R-CMD-check Lint Test Coverage Codecov test coverage CRAN version

The goal of the wordpredictor package is to provide a flexible and easy to use framework for generating n-gram models for word prediction.

The package allows generating n-gram models from input text files. It also allows exploring n-grams using plots. Additionally it provides methods for measuring n-gram model performance using Perplexity and accuracy.

The n-gram model may be customized using several options such as n-gram size, data cleaning options and options for tokenization.

Installation

You can install the released version of wordpredictor from CRAN with:

install.packages("wordpredictor")

And the development version from GitHub with:

# install.packages("devtools")
devtools::install_github("pakjiddat/word-predictor")

Package structure

The wordpredictor package is based on R6 classes. It is easy to customize and improve. It provides the following classes:

  1. DataAnalyzer. It allows analyzing n-grams.
  2. DataCleaner. It allows cleaning text files. It supports several data cleaning options.
  3. DataSampler. It allows generating sample files of specified size from a text file. It also allows generating train, test and validation sample files from a given input text file.
  4. TokenGenerator. It allows generating n-gram tokens of given size.
  5. TPGenerator. It allows generating transition probabilities for the given n-gram file.
  6. ModelGenerator. It allows generating n-gram models using different configuration options.
  7. ModelEvaluator. It allows evaluating the performance of n-gram models. 4 metrics are used to compare the performance. These are: Perplexity, accuracy, memory and time taken.
  8. ModelPredictor. It allows predicting the next word, given a set of previous words.
  9. Base. The base class for all the other classes. It allows provides methods for reading and writing files and processing large text files.

Information about the package can be obtained using the command line or the package website. For example, the command: ?wordpredictor returns information about how the given class works and the parameter details for each class method.

Environment setup code

The following code should be run before running the examples.

library(wordpredictor)

# The level of verbosity in the information messages
ve <- 0

#' @description
#' Used to setup the test environment
#' @param rf The required files.
#' @param ve The verbosity level.
#' @return The list of directories in the test environment
setup_env <- function(rf, ve) {
    # An object of class EnvManager is created
    em <- EnvManager$new(rp = "../", ve = ve)
    # The required files are downloaded
    ed <- em$setup_env(rf)

    return(ed)
}

#' @description
#' Used to clean up the test environment
clean_up <- function(ve) {
    # An object of class EnvManager is created
    em <- EnvManager$new(ve = ve)
    # The test environment is removed
    em$td_env(F)
}

Generating the model

The following example shows how to generate a n-gram model.

# The required files
rf <- c("input.txt")
# The test environment is setup
ed <- setup_env(rf, ve)

# The following code generates n-gram model using default options for data
# cleaning and tokenization.

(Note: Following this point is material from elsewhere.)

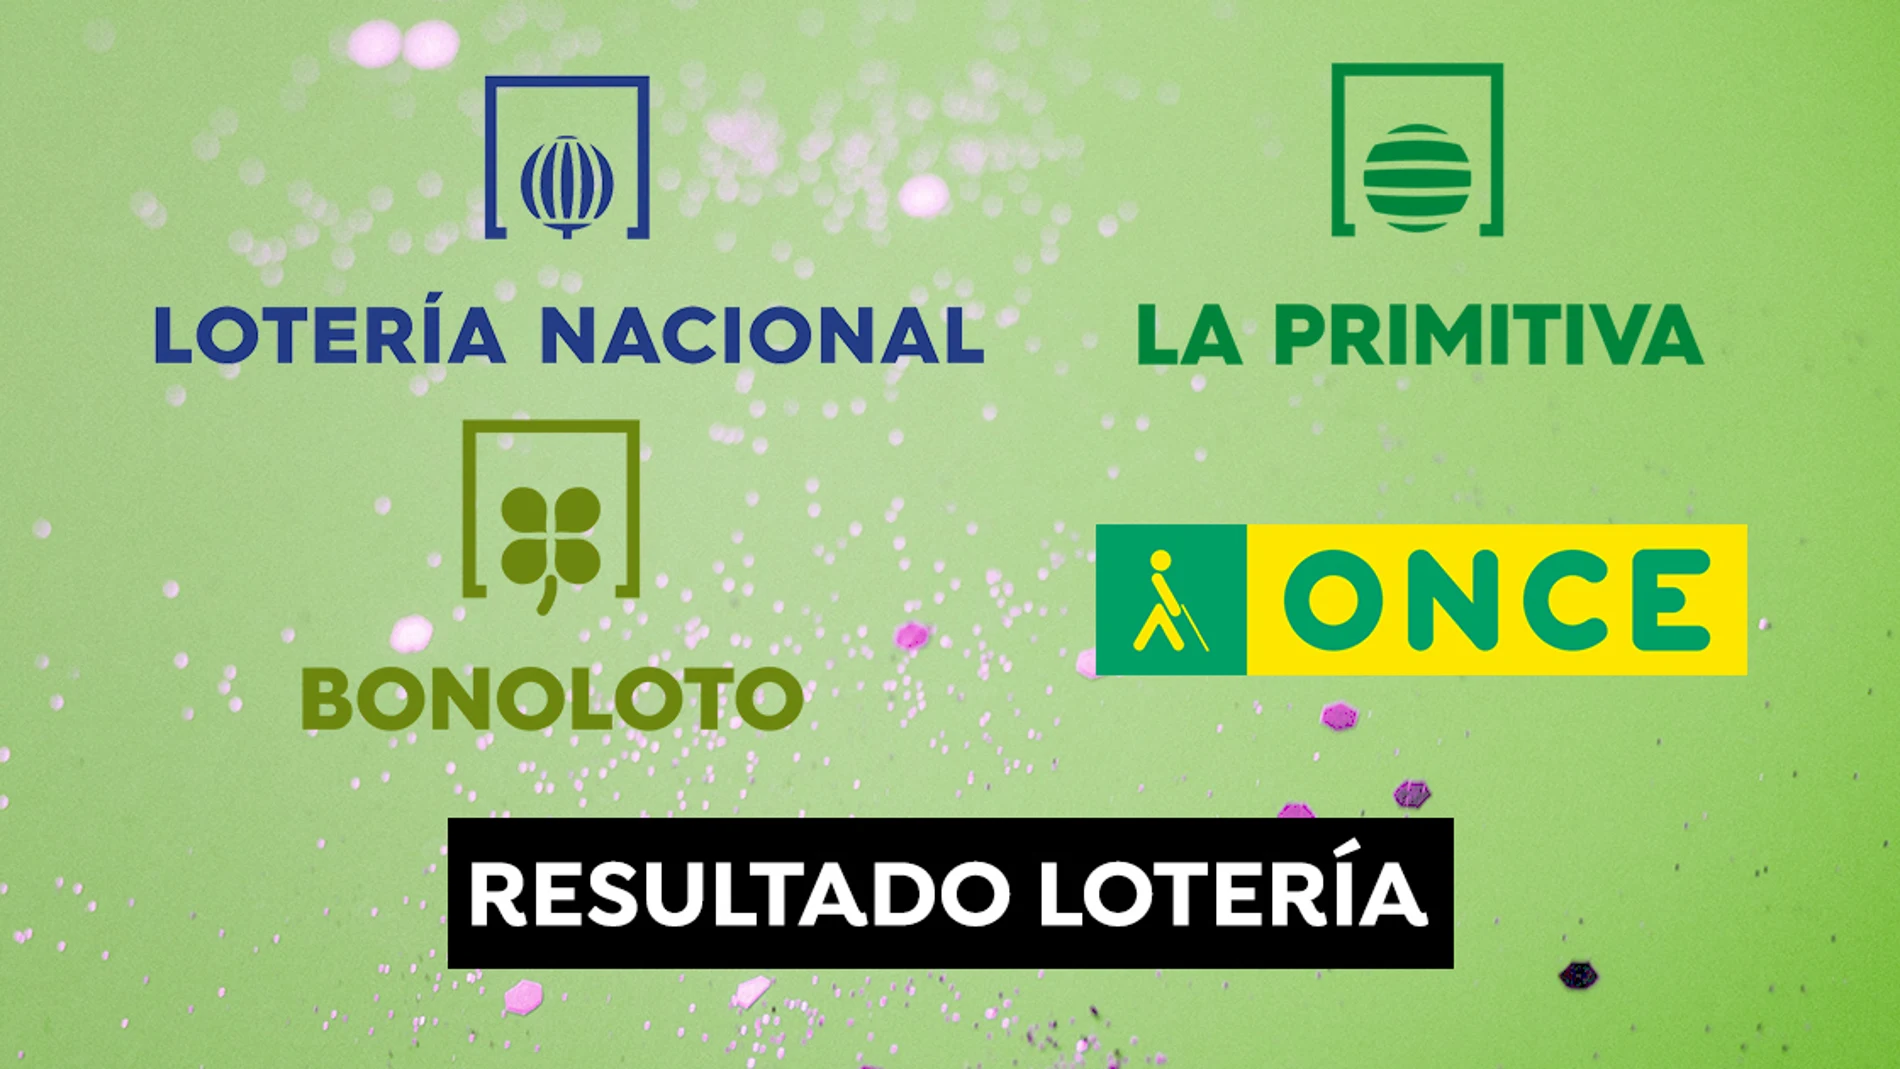 Comprueba los resultados de La Primitiva, la Bonoloto y Lotería Nacional.
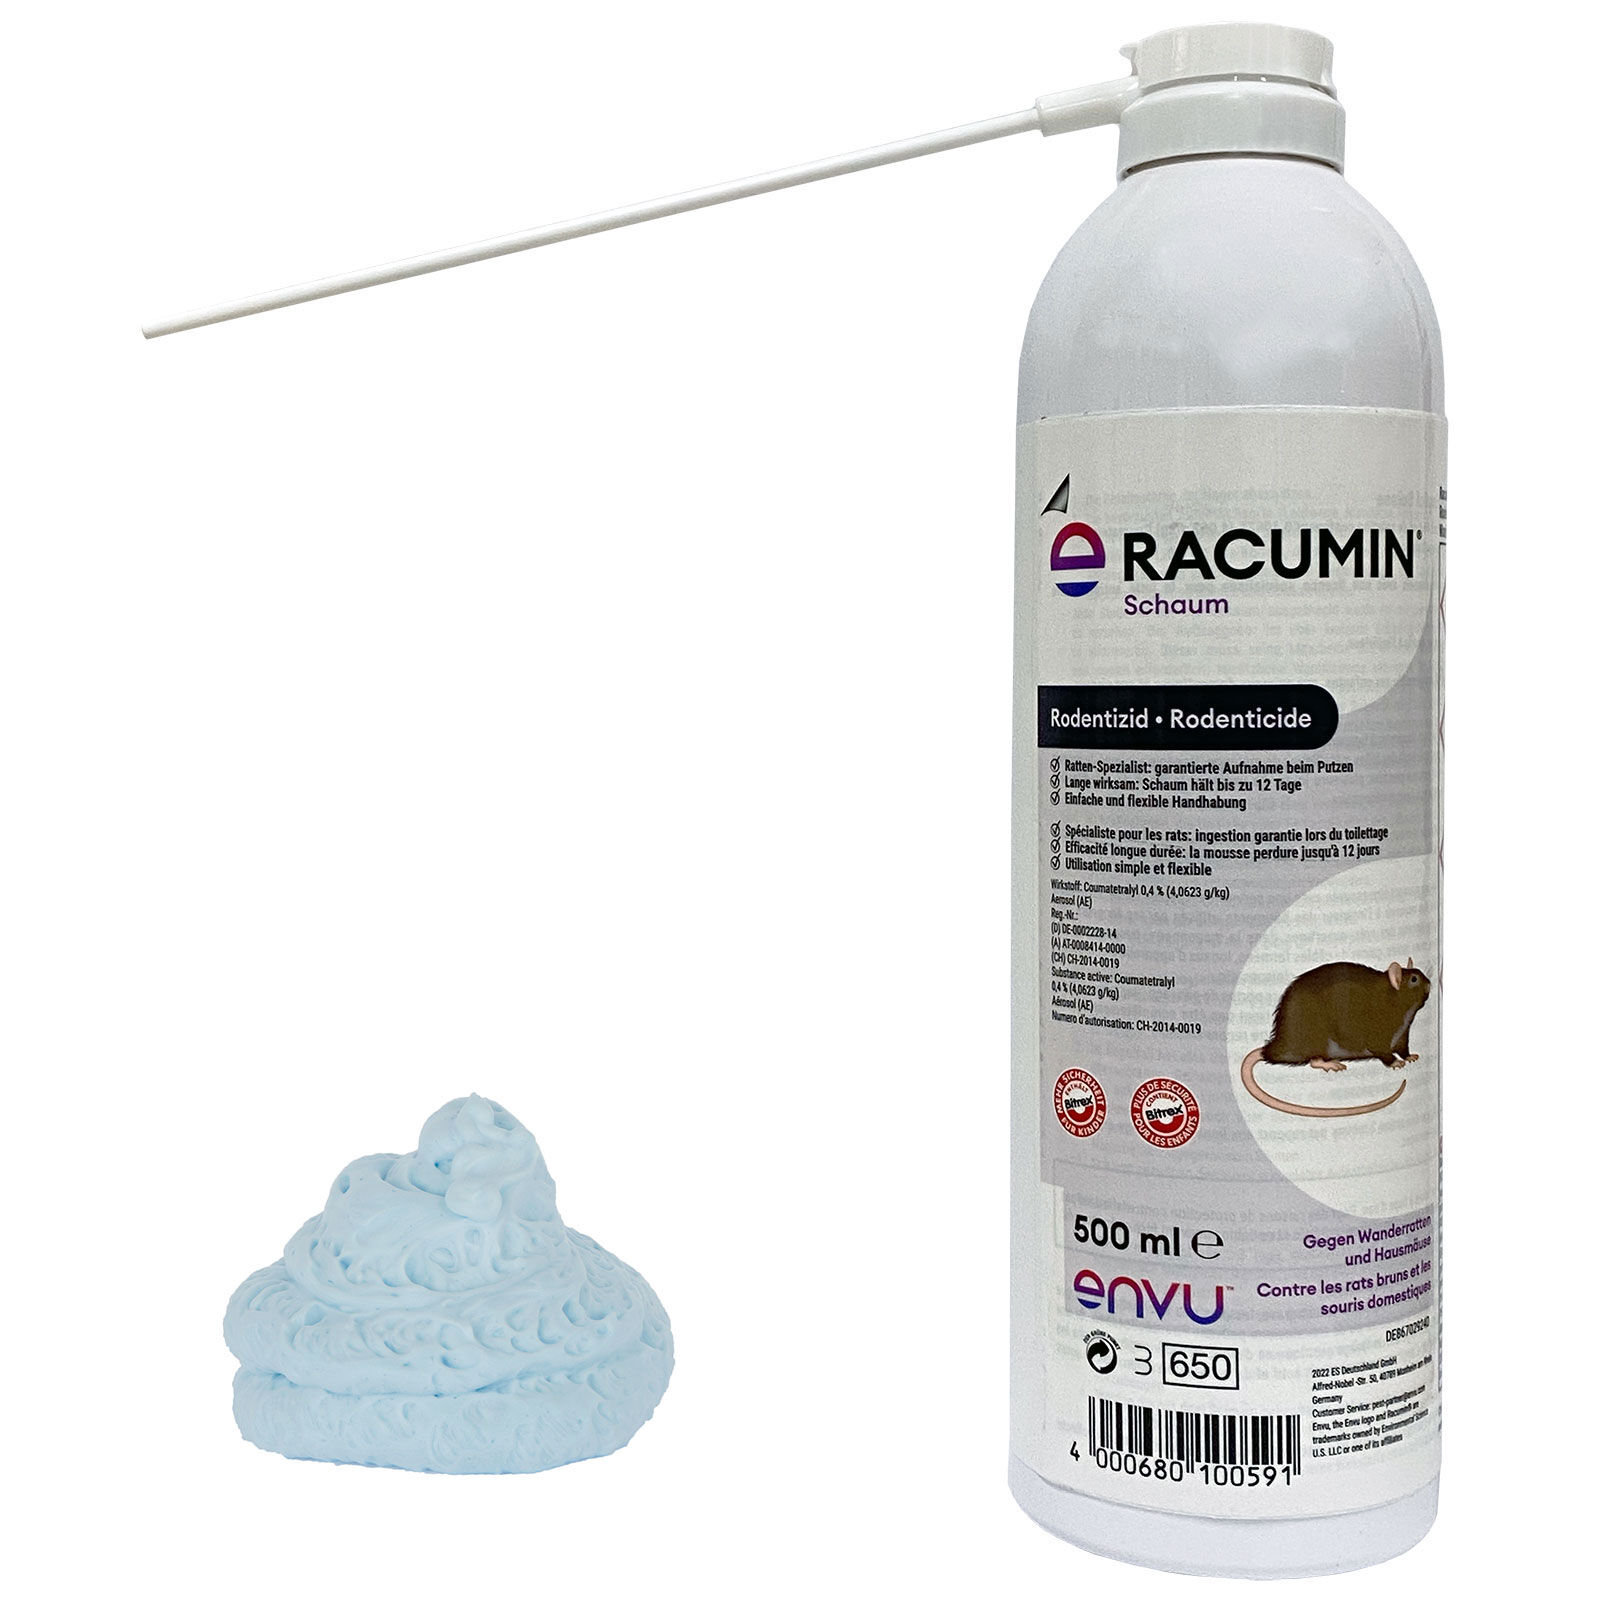 Racumin Schaum - Bayer 500ml (Comatetralyl 0,4%) EMPFEHLUNG:  Unterstützendes zusätzliches Mittel zu Standardköder

See the following section on how to customize these
# options. Note that input.txt is the name of the input data file. It should be
# present in the data directory. ddir is the data directory. mdir is the model
# directory. The output model file, which is def-model.RDS will be placed in
# this directory.

# ModelGenerator class object is created
mg <- ModelGenerator$new(
    name = "def-model",
    desc = "N-gram model generating using default options",
    fn = "def-model.RDS",
    df = "input.txt",
    n = 4,
    ssize = 10,
    dir = ed,
    dc_opts = list(),
    tg_opts = list(),
    ve = ve
)

# Generates n-gram model. The output is the file def-model.RDS
mg$generate_model()

# The test environment is cleaned up
clean_up(ve)

The above code generates the file def-model.RDS. This file represents the n-gram model.

Predicting words

The following example shows how to predict the next word given a set of words:

# The required files
rf <- c("def-model.RDS")
# The test environment is setup
ed <- setup_env(rf, ve)

# The model file name
mfn <- paste0(ed, "/def-model.RDS")
# An object of class ModelPredictor is created. The mf parameter is the name of
# the model file that was generated in the previous example.
mp <- ModelPredictor$new(mf = mfn)
# Given the words: "how are", the next word is predicted. The top 3 most likely
# next words are returned along with their respective probabilities.
res <- mp$predict_word(words = "how are", 3)

# The test environment is cleaned up
clean_up(ve)

Analyzing N-grams

The wordpredictor package includes a class called DataAnalyzer, that can be used to get an idea of the frequency distribution of n-grams in a model. The model generation process described above, creates an n-gram file in the model directory.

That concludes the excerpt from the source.